GFS

Goals for GFS

  1. High probability of component failures - requirement to detect and recover promptly from such failures.
  2. Common case: a lot of large files, (small files also supported, but not optimised)
  3. Support for large streaming reads as well as small random reads
  4. Large appends the common use case (to be optimised for this)
  5. Atomicity for concurrent appends, with minimal synchronisation overhead
  6. High bandwidth over low latency - what does this mean?
    • You care about getting more data over vs low latency?

Architecture

GFS architecture

Chunk size

Balancing between big and small chunk size

  • Larger chunk size: Pros
    • lesser chunks -> lesser metadata overhead on master server
    • With a large working set of file locations, client would still be more able to comfortably cache all chunk information within local memory
  • Cons
    • Space wastage due to internal fragmentation (mitigated with lazy allocation)
    • If a small file has little number of chunks, accessing the file would cause the chunkservers to become hotspots (check paper for mitigation)

Guarantees

definitions

How it works

  • The paper discusses this pretty well and in-depth.

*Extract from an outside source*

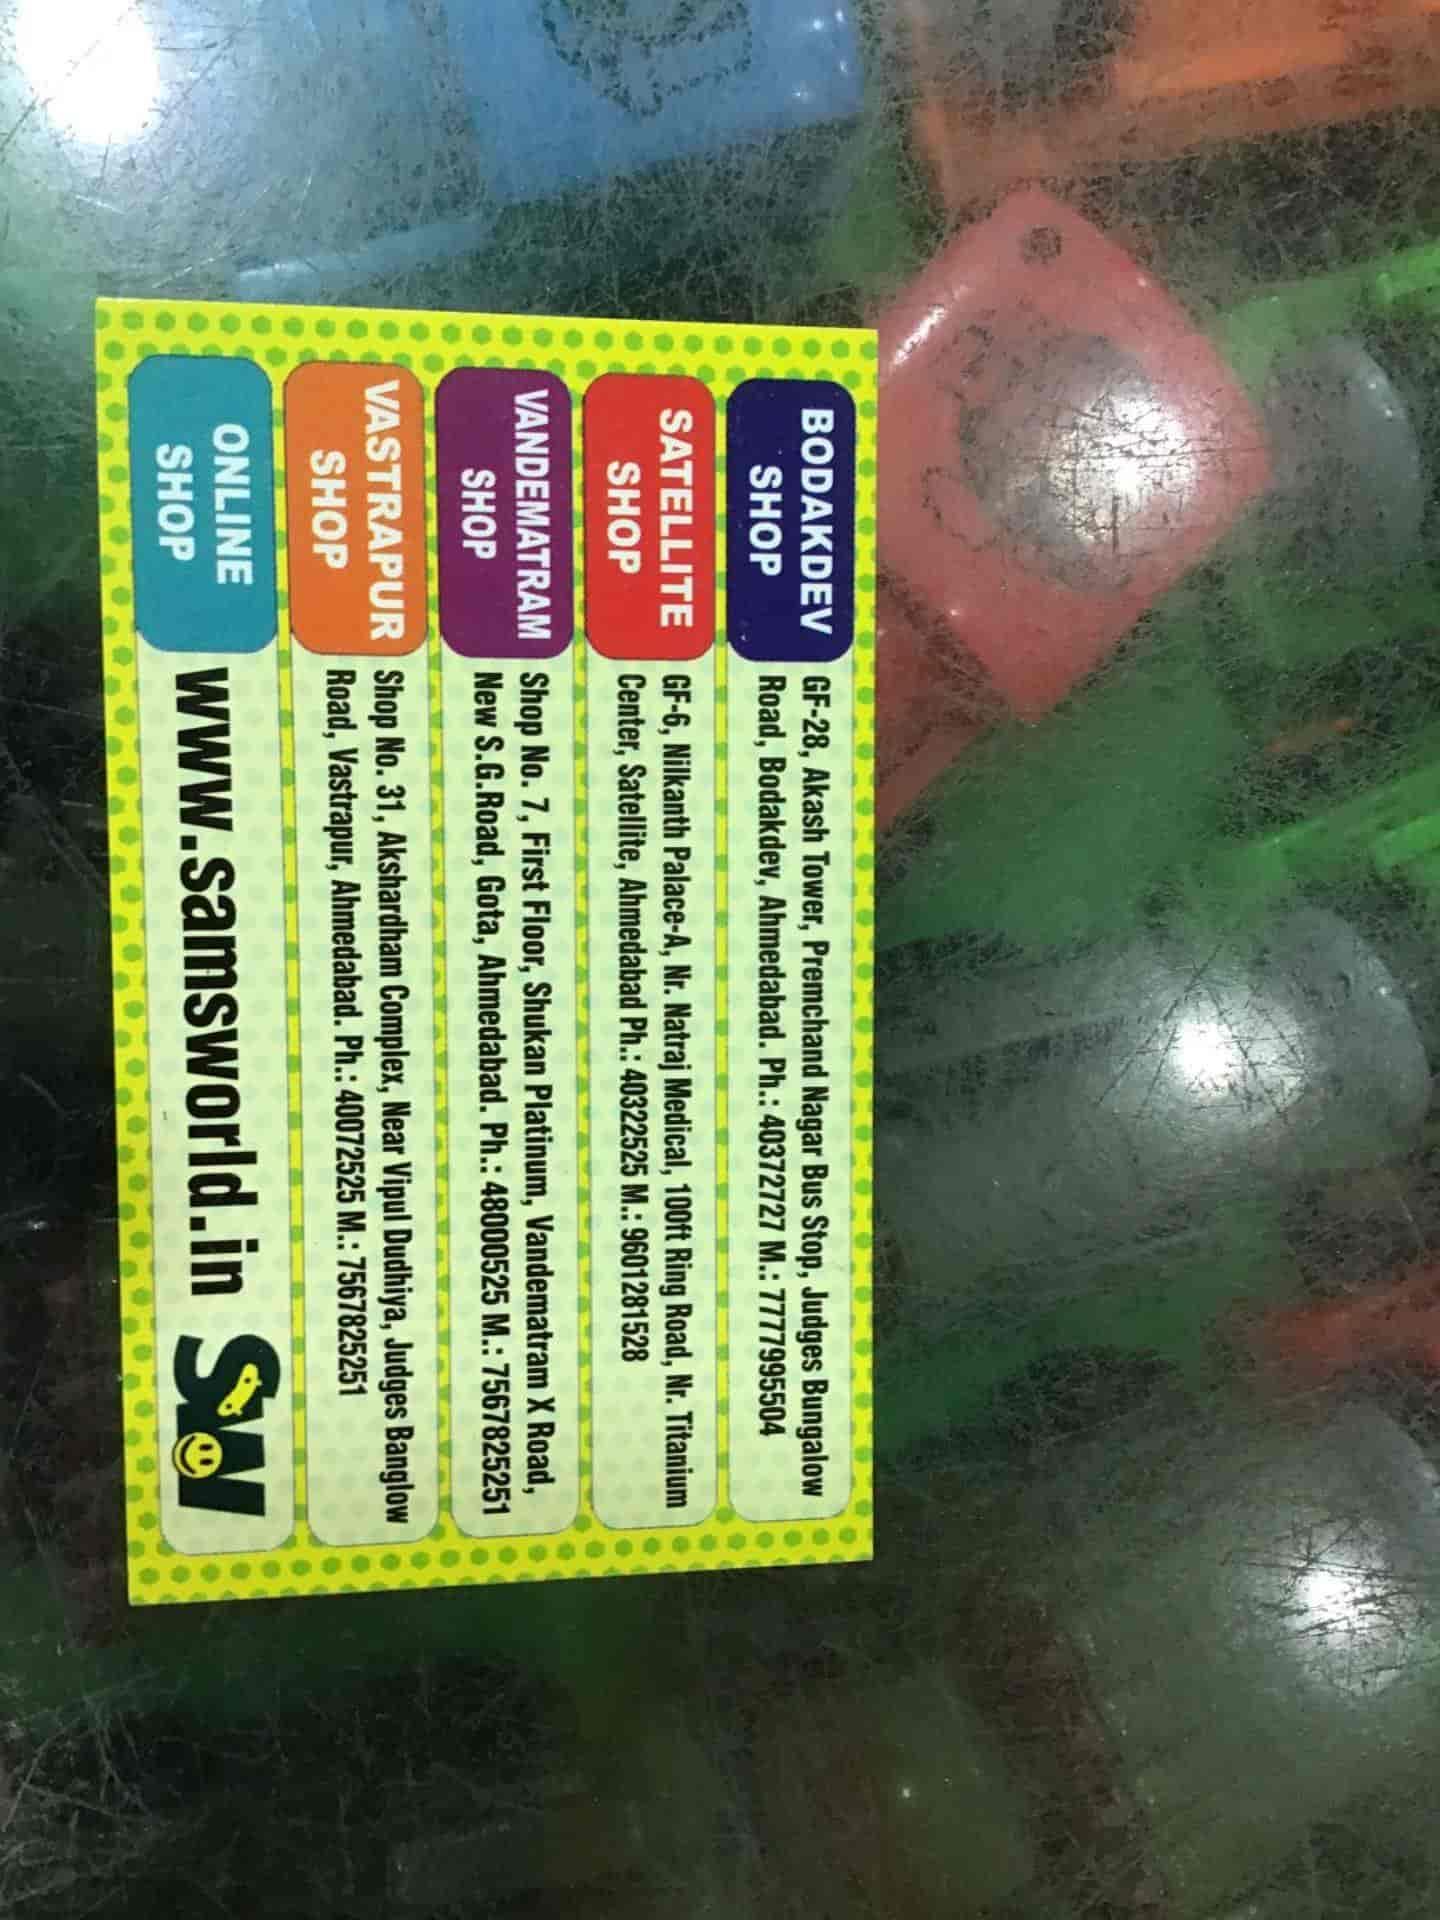 Sams Toy World, Satellite - Sports Goods Dealers in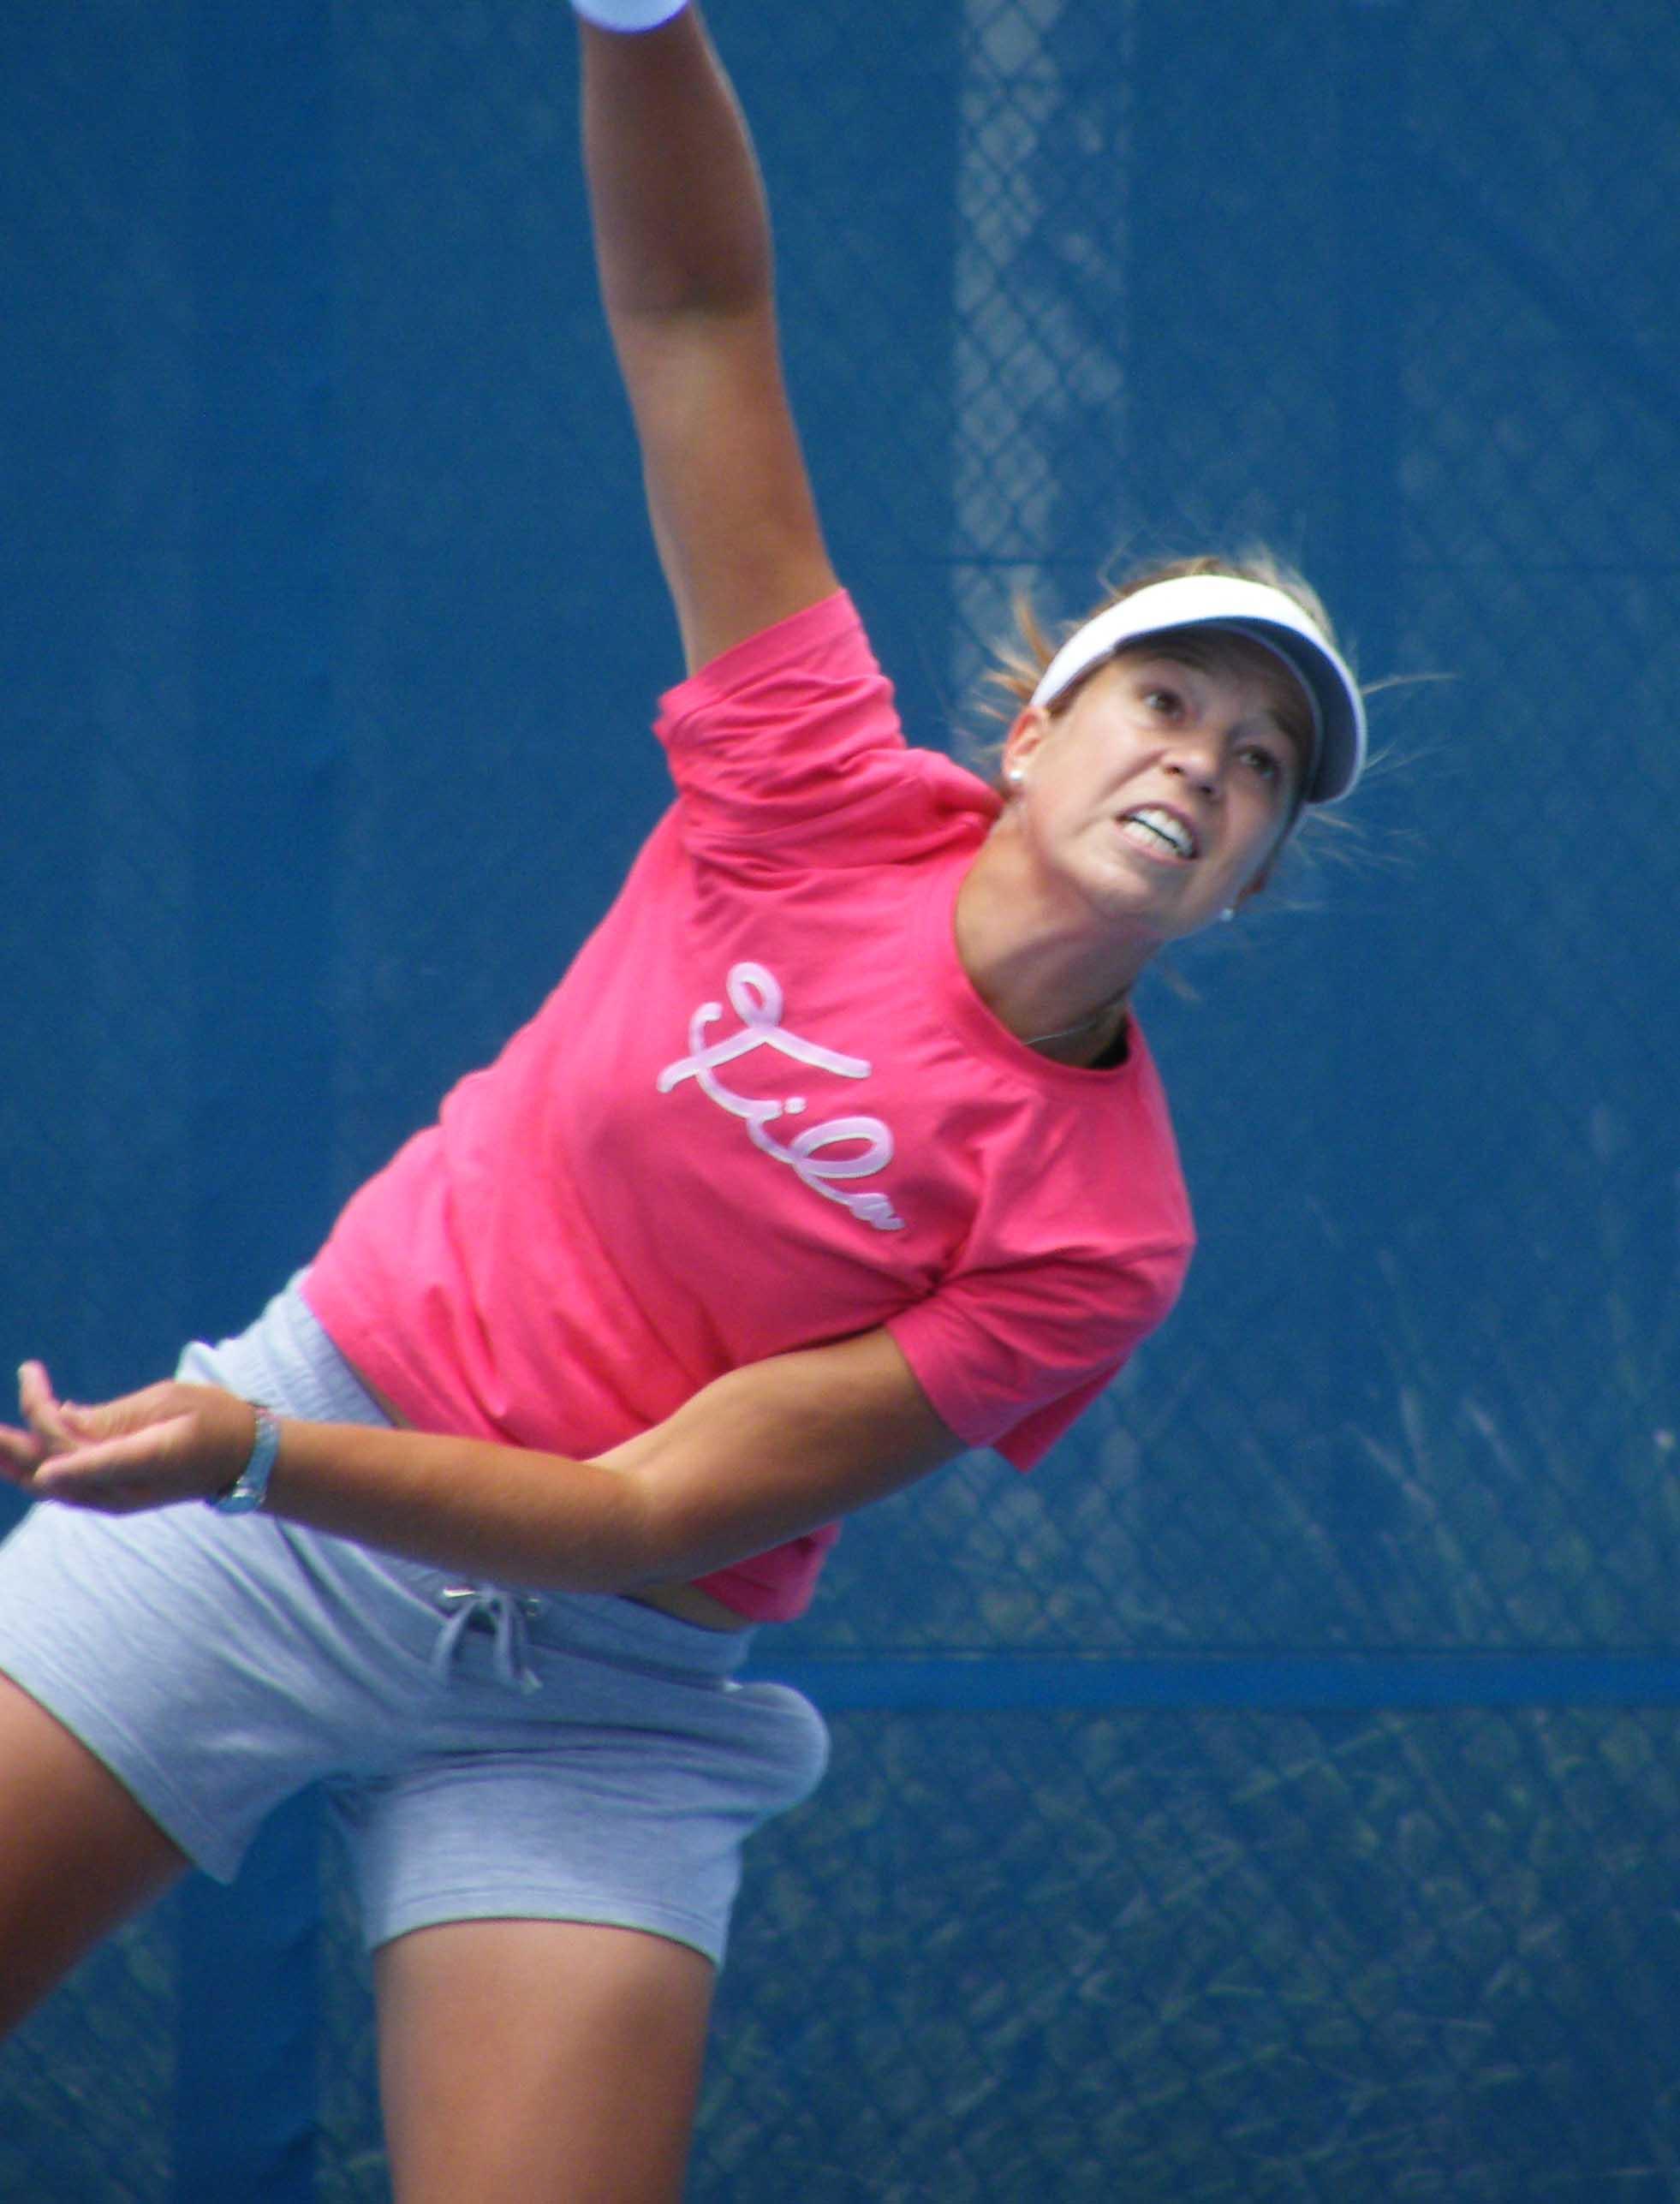 Hot tennis players female pics

Other interesting properties/mechanisms

Namespace management and locking

  • No per-directory data structure
  • When a new file is created:
    • Read locks acquired on all parent directories
    • Write lock is acquired on the new file
  • Implication:
    • Multiple clients can make new files on same directories
    • Read lock ensures that directory is not deleted when new file is being created

Garbage collection and stale replication detection

  • Version numbers are maintained and reported periodically to master server by the chunk servers
  • Checked again when a lease is about to be given to a chunkserver

Checksums

  • Computed on each chunkserver - why?
  • “Corruption” - referring to data being corrupted locally due to equipment failure, as opposed to transport corruption.

Snapshotting

  • Goal: minimize interruptions of ongoing data.
  • Copy on write technique
  1. When the master receives a snapshot request, it first revokes any outstanding leases on the chunks in the files it is about to snapshot.
  2. It duplicates the metadata for the source file or directory tree.
  3. The master notices that the reference count for chunk C is greater than one. It defers replying to the client request and instead picks a new chunk handle C’. It then asks each chunkserver that has a current replica of C to create a new chunk called C’. (Local copy decreases overhead)

Questions:

Hadoop:

What does it run on? HDFS vs GFS?

  • GFS is an earlier version of HDFS

How about the checksum operation and I/O? what does this mean?

  • What happens if send IO before checksum is completed